Why Have the Big Banks Wet their Pants About Climate Change?

There’s an excellent article in Spiked by Telegraph columnist Andrew Orlowski that puts the suspension of HSBC’s Stuart Kirk into perspective. As readers will recall, Kirk was suspended last week after giving a heretical presentation at an investors’ summit organised by the FT entitled “Why investors need not worry about climate risk”. But why did some green members of the audience complain – and why did HSBC rush to placate those activists? It’s all about the current fashion for basing investment decisions on a company’s ESG rating, which stands for ‘Environmental, Social and Governance’, Orlowski explains.

ESG is essentially a rating tool which punishes companies and fund managers for activities that are deemed sinful, such as investing in fossil fuels. BlackRock chairman Larry Fink – perhaps the most influential capitalist in the world – is one of the driving forces behind the adoption of ESG. In 2020, he wrote that “the evidence on climate risk is compelling investors to reassess core assumptions about modern finance… In the near future – and sooner than most anticipate – there will be a significant reallocation of capital”.

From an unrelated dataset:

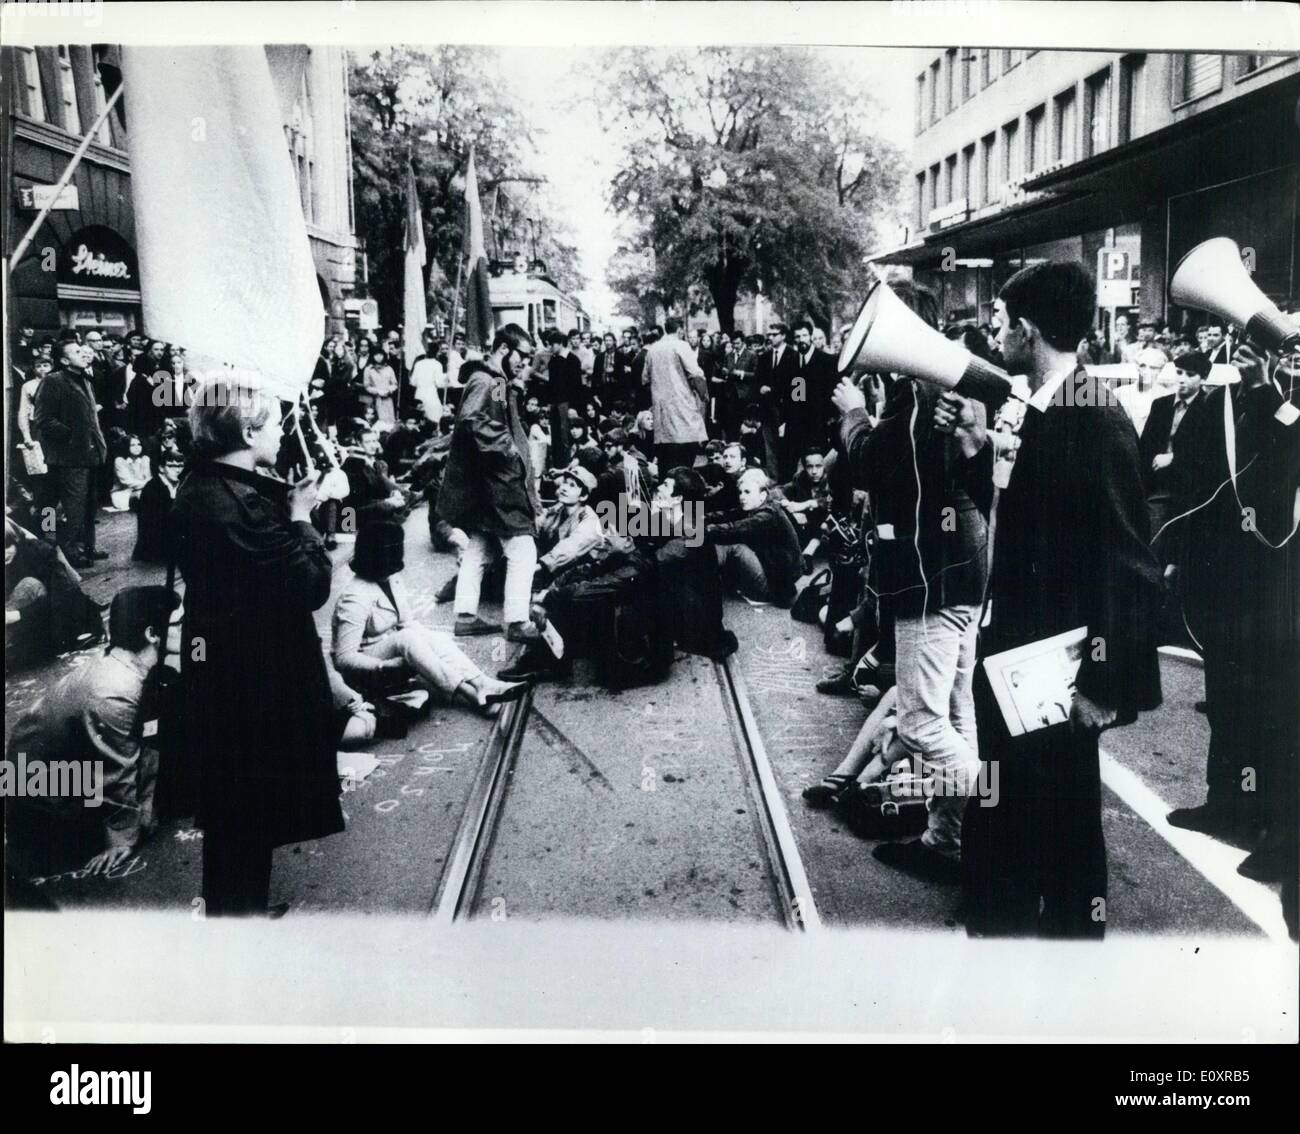 Oct  10, 1967 - Ati-Vietnam War Demonstration In zurich: Like many

Fink’s firm, BlackRock, is in a position to make that reallocation happen, as one of three investment managers that effectively “owns the market”. As the Wall Street Journal explained last week: “In 90 per cent of public companies, one of the Big Three is the largest shareholder” Companies that fail to comply with ESG demands are effectively bullied into doing so. Activists can vote out directors who disagree. ESG has gone largely unchallenged, as the response to Kirk’s presentation illustrates. ESG assets are now worth over $50 trillion. Mastercard recently linked its executive pay to ESG targets on “carbon neutrality, financial inclusion and gender-pay parity”. Long-term investment in fossil-fuel extraction has declined markedly thanks to ESG.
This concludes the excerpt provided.